Keywords: evolutionary theory, science, scientific method, scientific theory,

macroevolution

• Evolution as a fact and thoery

Evolution is a population concept. An individual does not evolve; only populations
evolve in the face of the genetic changes accumulated from one generation to the
next. The flu virus evolves. This explains why last years’ flu vaccine does not work
on the current strain of the virus: only the resistant strains of the virus survived last
year’s vaccine application.
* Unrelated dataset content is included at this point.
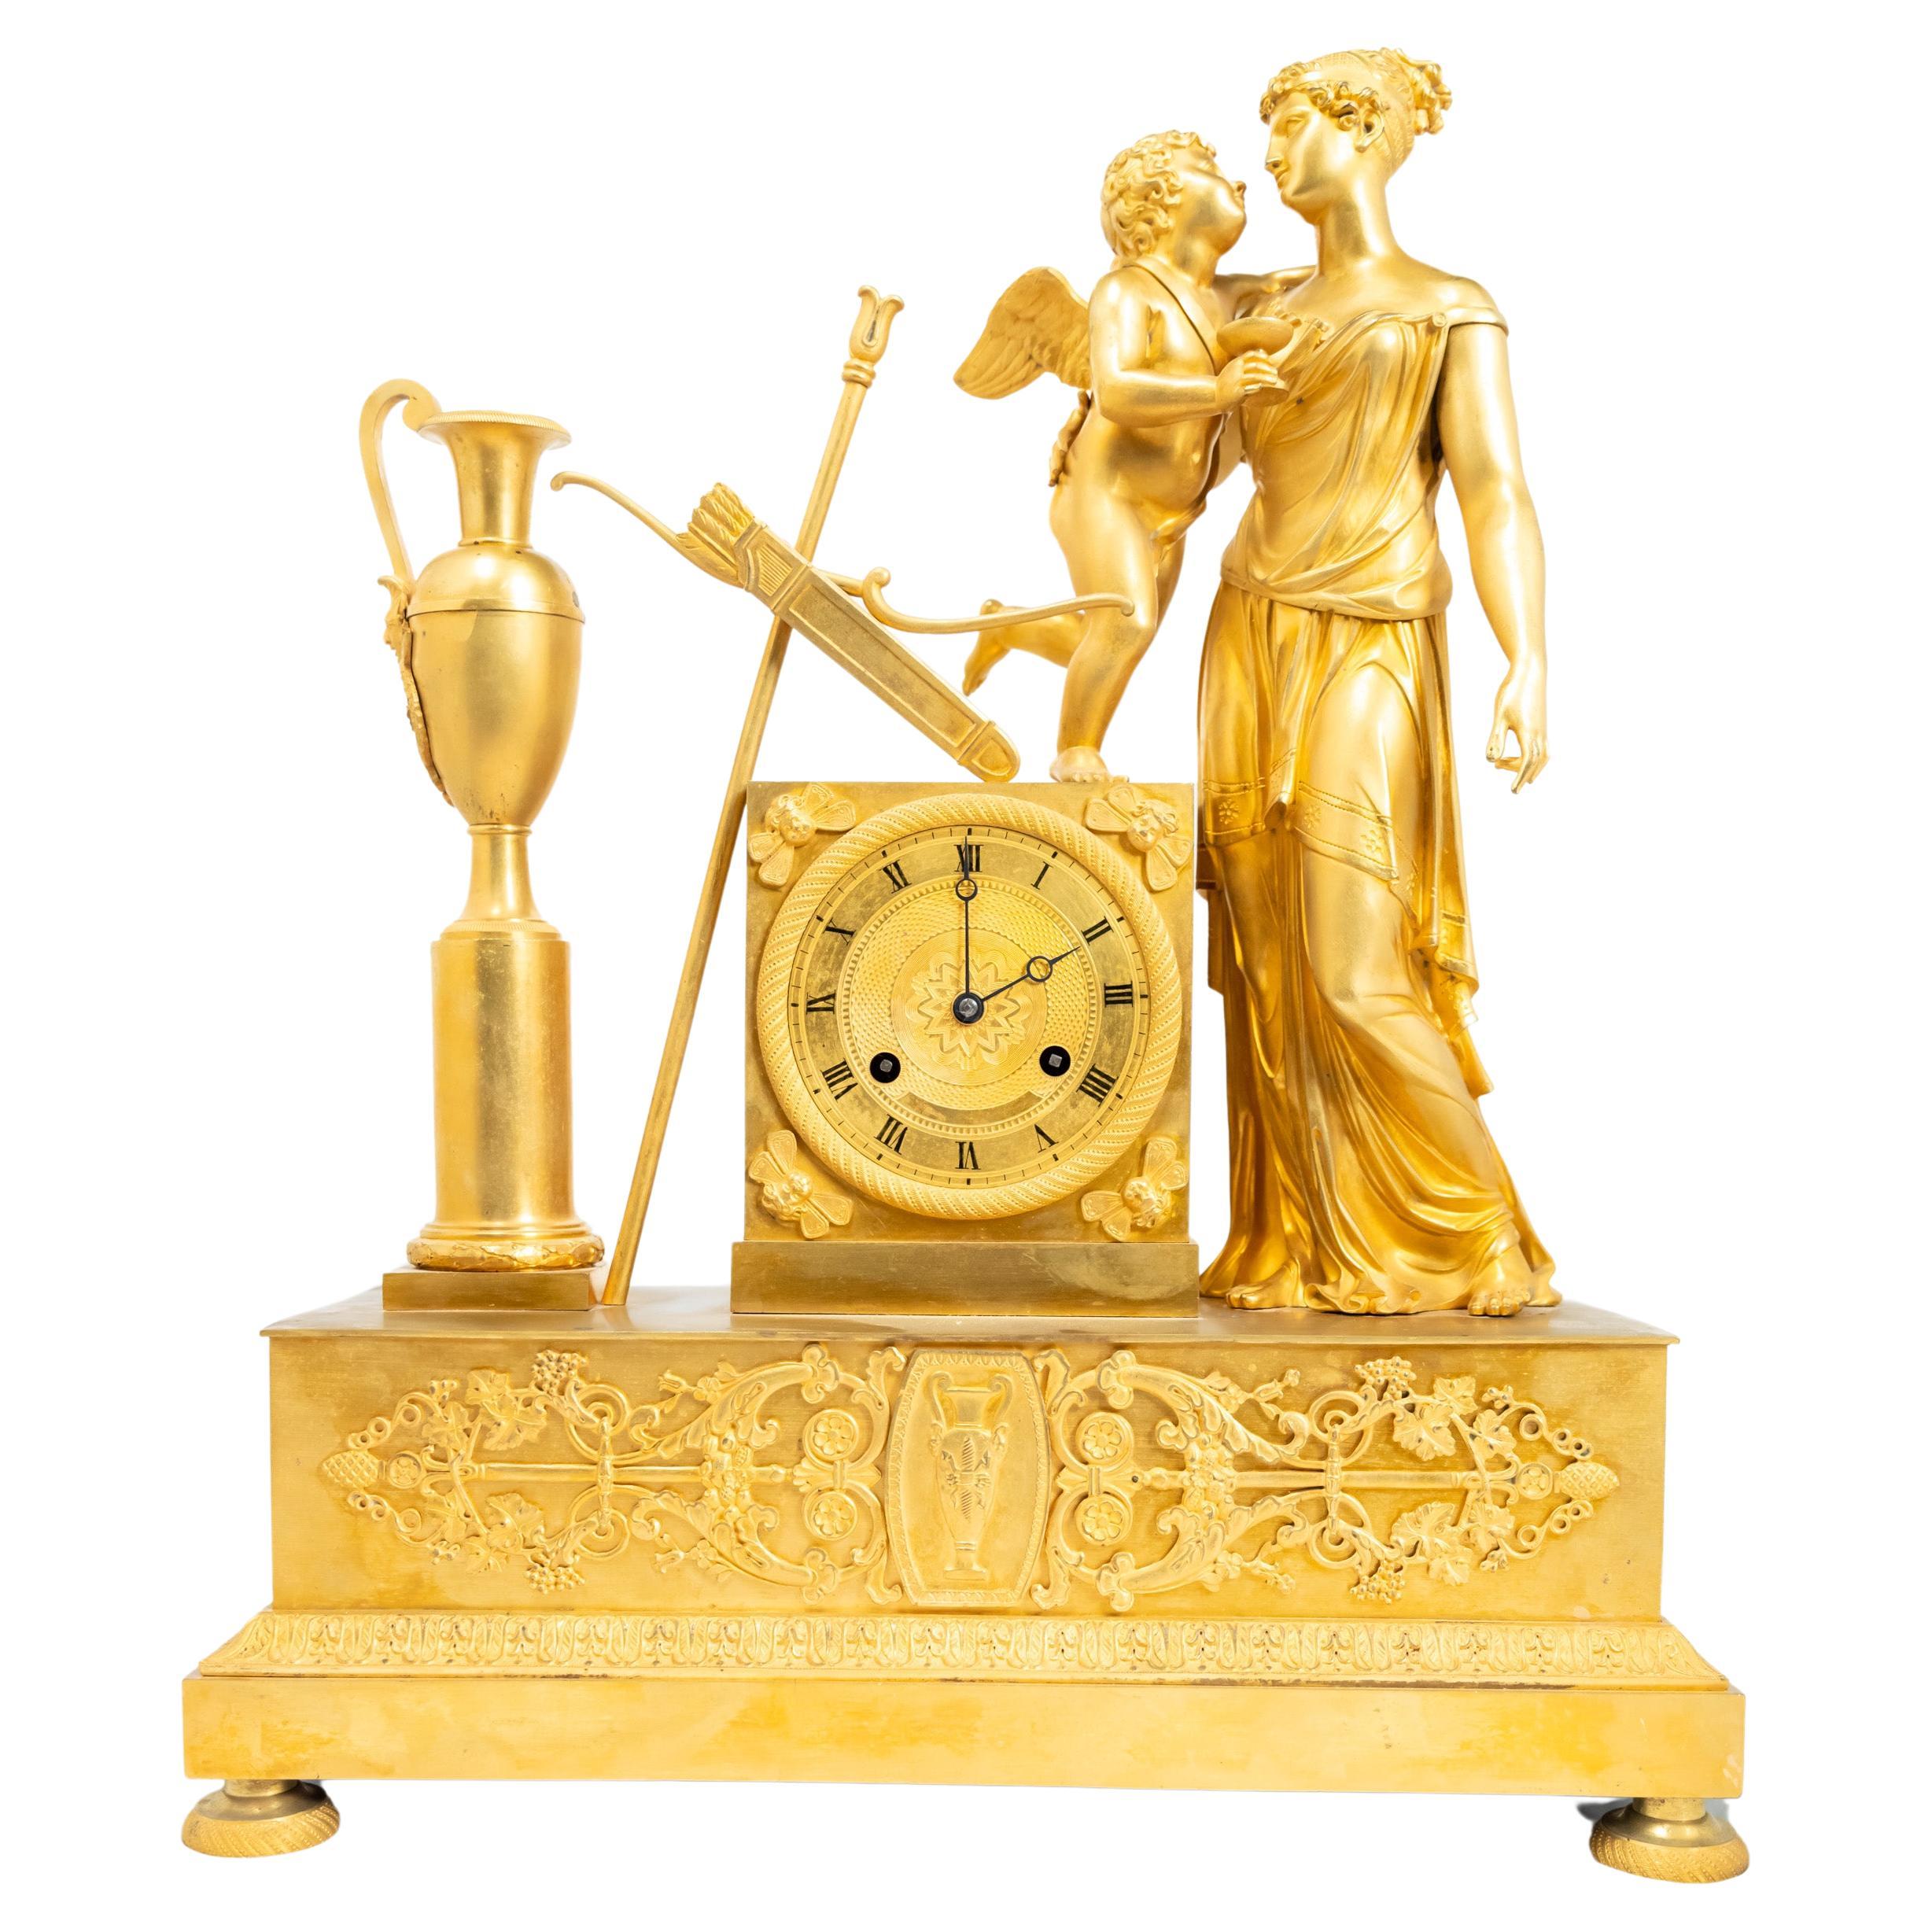 Feuervergoldete Manteluhr aus der Restaurationszeit mit Venus- und Amor-Figuren

This is a textbook example of evolution by natural
selection. Genetic modifications are encountered in the resistant strains; thus,
evolution is a fact (Gould, 1981). Mutation, migration, natural selection, and
genetic drift are the evolutionary forces that drive genetic changes of natural
populations from one generation to the next. This is known among biologists as
microevolution.

On the other hand, evolutionary theory explains more than those facts that we can
routinely observe. This makes it a theory, but is it just a theory? The word theory has
distinct meanings in science and in lay language (Ghose, 2013). A scientific theory
is the utmost position an idea may reach in science. Outside of academia, however,
a theory is equivalent to a hypothesis, an idea that explains facts but has never been
tested (Futuyama and Kirkpatrick, 2017). This occurs because there seems to be no
need for a distinction between hypothesis and theory outside the scope of science.
In science, however, this distinction is fundamental. An idea remains a hypothesis if
it has never been confronted with new (independently collected) scientific data that
would serve as a test for its predictions. If a hypothesis has endured further testing
by subsequent scientific experiments, in time it becomes a valid scientific theory.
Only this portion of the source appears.